2019 Sudanese sports documentary film

Khartoum Offside (original title: أوفسايد الخرطوم Oufsaiyed Elkhortoum) is a 2019 Sudanese sports documentary film with a focus on young women in Sudan, produced, written and directed by Sudanese filmmaker Marwa Zein. It was globally premiered in the 2019 Berlinale Forum in Germany and is one of the three notable Sudanese films of 2019.

The film begins with the lines:
“Under the current political Islamic military rule, women are not allowed to play football in Sudan – and we are not allowed to make films – but…”
 as a central message to the documentary.

==Production==
It took Zein four years to make this documentary. Due to the generally negative attitude towards women's human rights in Sudan before the Sudanese revolution of 2018/19, Zein did not encounter physical assault, but received threats by Sudanese authorities to destroy the cameras. Nevertheless, the film was shot in Khartoum, Sudan, and produced by Marwa Zein for ORE Productions and Hendrik Underbjerg for Stray Dog Productions, Copenhagen, Denmark and Oslo, Norway.

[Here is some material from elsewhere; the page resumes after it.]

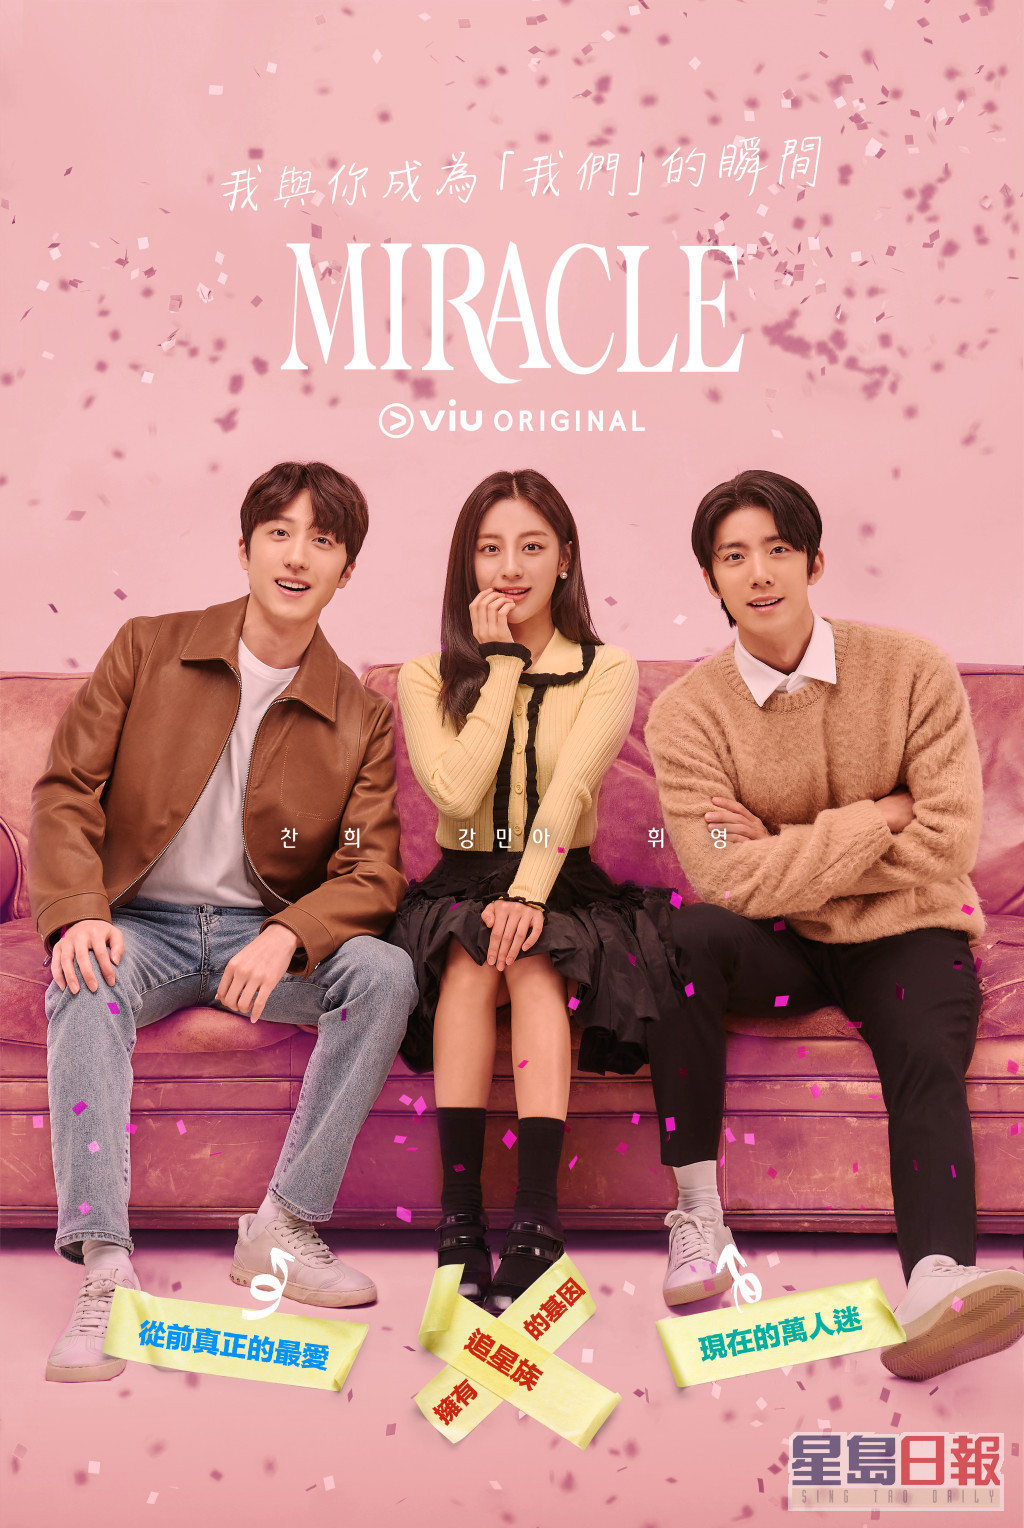 《Miracle》集合了三位青春演員澯熙、姜旻兒及輝映合作。

==Storyline and background==
With great determination, a group of young women in Khartoum are out to play professional football, in defiance to an imposed ban by the Sudanese Islamist military government. Despite the National Football Association receiving FIFA funds earmarked for women’s teams, the team continues to be marginalized. However, there is a spark of hope, when elections within the association signal a possible overhaul of the entire system. With bravery and courage, they struggle to get an official recognition as the Sudanese women's national football team, faced with strong opposition to their goals.

Captain Sara (Sara Jubara), a young Christian woman, born in northern Sudan, shows entrepreneurial thinking, and is searching for business models to make their dreams a reality, as she assembles a Sudanese team for the FIFA Women's World Cup. Apart from the need to find sponsorship, there are key societal challenges they have to face.

In his article 'Try being a woman playing soccer in Sudan', academic Steve Howard wrote about the film: "The footballers are a mixed group of Sudanese and South Sudanese women working for a living as building maintenance workers, high school students, shopkeepers, and the like. Members include women from the Nuba Mountains, a particularly oppressed region near the northern side of the new border. And their struggles include the South Sudanese team members’ efforts to stay in Sudan, where they now require a residency permit after the breakup of the two Sudans in 2011."

==Cast==
- Elham Balatone as Elham
- Nedal Fadlallah as Henda
- Fatma Gaddal as Gaddal
- Sara Jubara as Captain Sara
- Halah Zakariya as Halah

==Release and critical reception==
According to IMDb, the film was released on February 13, 2019. The following day, it was premiered at the Forum of the Berlin International Film Festival, and later presented at other festivals, like Visions du Réel in Switzerland, CPH: DOX Copenhagen, Sheffield Doc/Fest and IDFA Amsterdam. It was also shown at the Hot Docs Canadian International Documentary Festival on April 26, 2019. The film was screened online via Zoom alongside another feminist Afro-Arab film, The Bleaching Syndrome (2020), in Arabic with English subtitles, by Dardishi on October 24, 2020. In Khartoum, it was first shown at the opening of the Sudan Independent Film Festival in January 2020.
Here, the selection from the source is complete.